Minjun sorted out that fact. Sylvia had come to this library for some purpose. But she left without coming in. After seeing Isabel and Chloe. And after seeing the two of them sitting at the same table, at that.

‘A new item will be added to the observation record.’

Minjun knew that prediction would not be wrong. Sylvia Kant was observing Isabel. Since when, and for what purpose, was still unclear. But the fact that she was observing her was certain. Both when she had written something in her notebook at the classroom door after the class in Episode 11, and when she had stopped in front of the library today and left.

‘What kind of content is in that person’s observation file right now?’

Chloe had not looked in that direction. Because she had been looking at her textbook.

The light coming from the window was tilting little by little. That meant the afternoon was passing. The light on the table shifted little by little. From Chloe’s wrist to the textbook, from the textbook to the edge of the table on Minjun’s side. Watching the light move told him how much time had passed.

Minjun did not close his textbook.

Chloe did not close hers either.

The two of them were still sitting at this table.

The sun slanted a little further.

Chloe wrote something in her notebook. The sound of the pen moving over paper. Within the stillness of the library, only that sound could be heard.

‘There are too many variables that can’t be analyzed.’

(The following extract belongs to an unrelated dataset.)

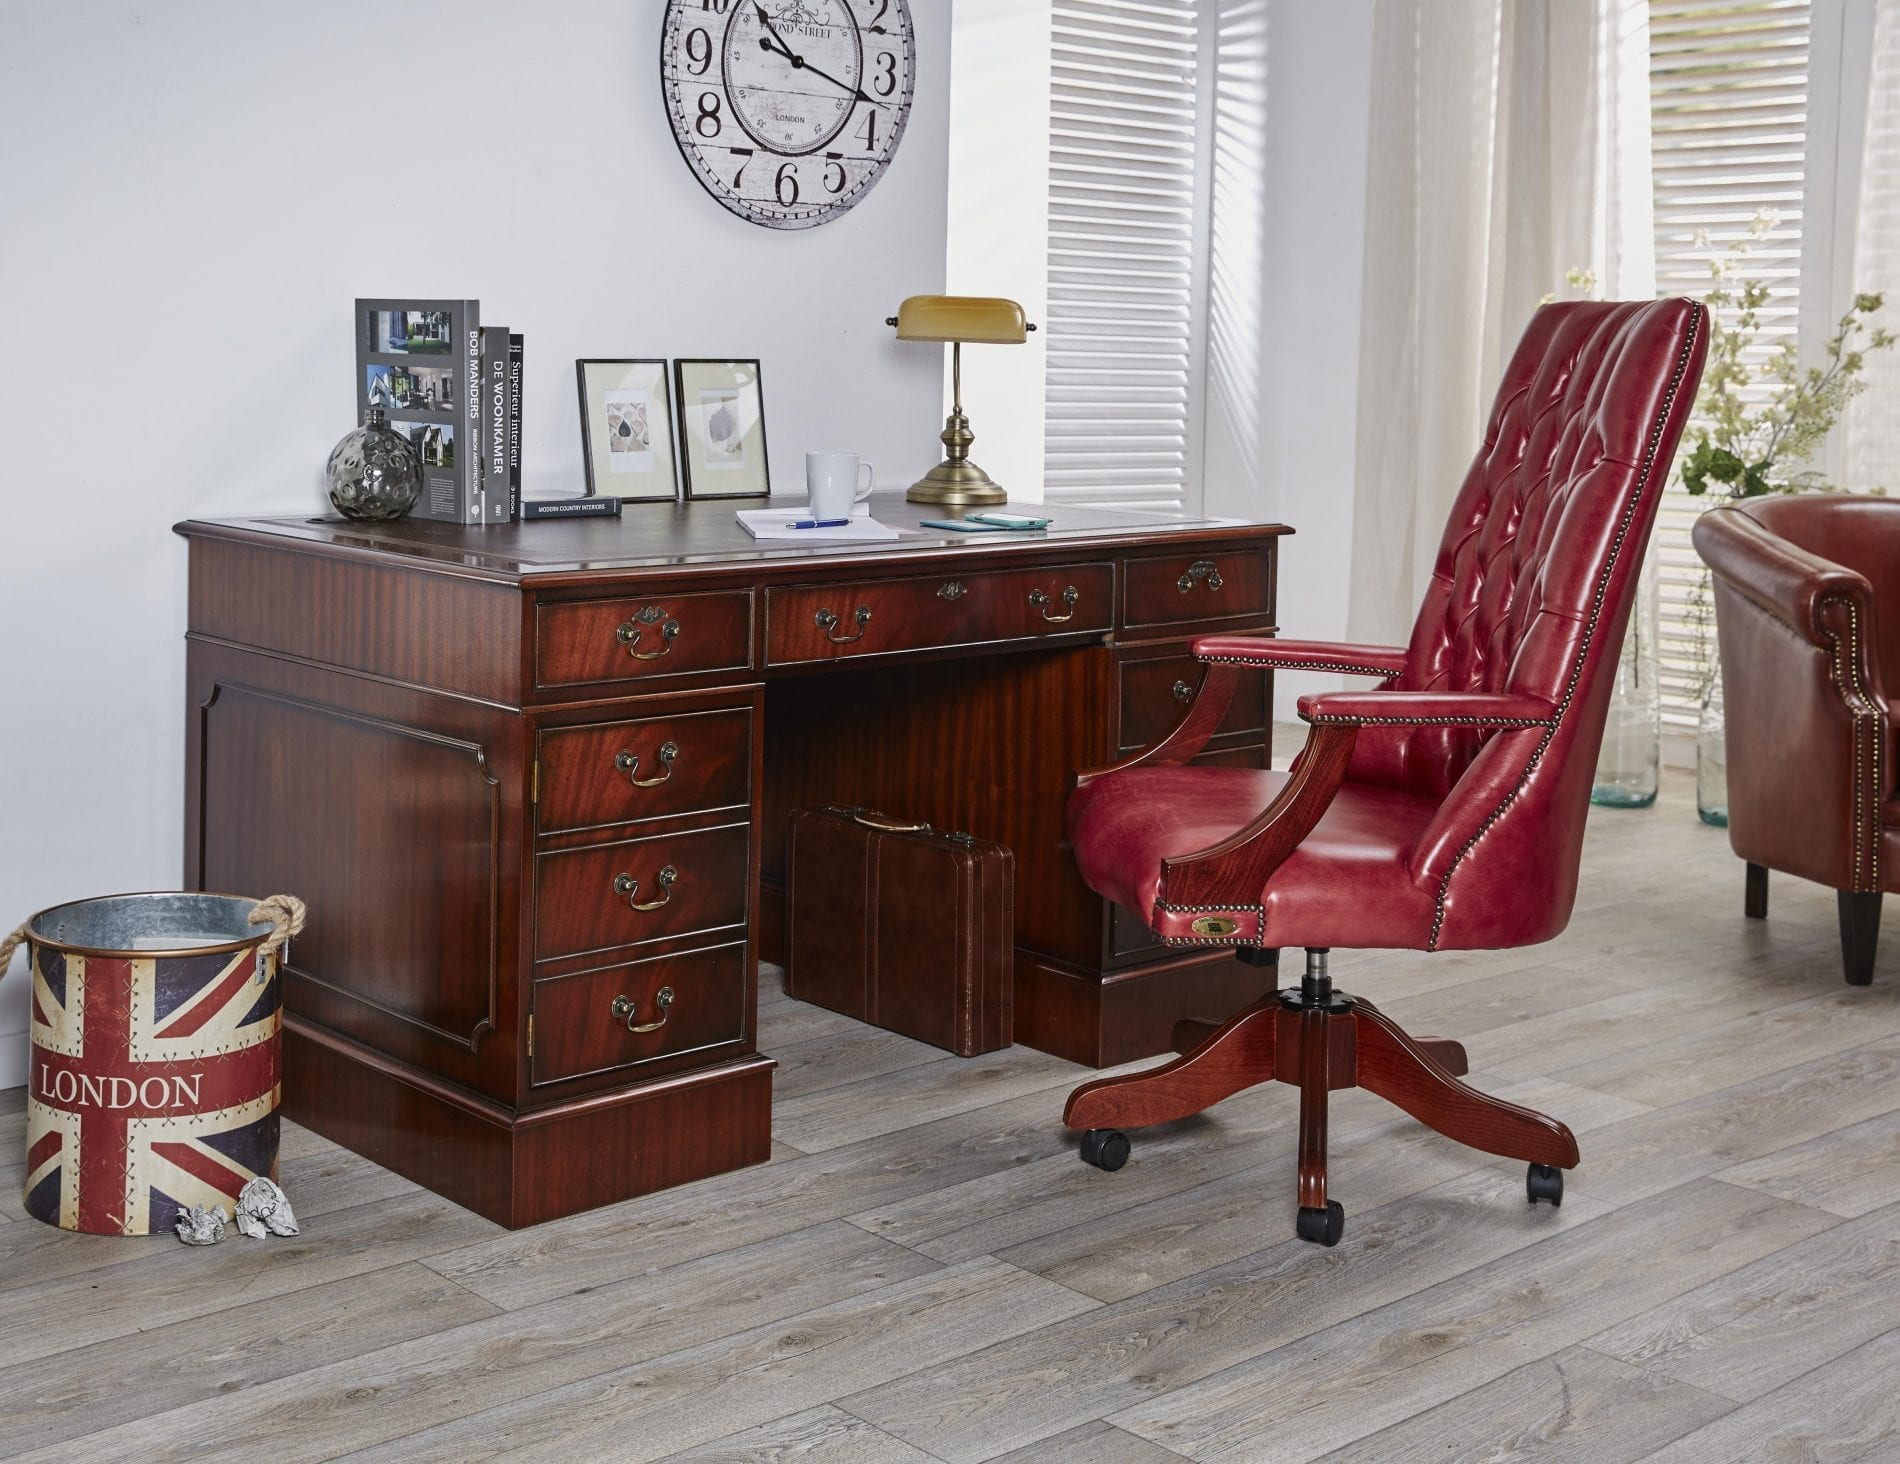 delta-chesterfield-bureau-en-library-swivel-crystal-camay-bureaustoel

The analytical ability accumulated over twelve years of overtime did not function properly in front of this one person. Objects that could not be analyzed were usually one of two things. Too simple, or too complex. Chloe Armand was not the former.

Minjun did not look at what was written in Chloe’s notebook.

It would be a lie to say he did not try to look. The only fact was that he did not look.

And that night, inside the drawer of this academy’s student council president’s office, a new item was added to the observation record.

As for what that item contained—no one yet knew.

In the corridor outside the library, the person who had seen it and left kept walking without stopping.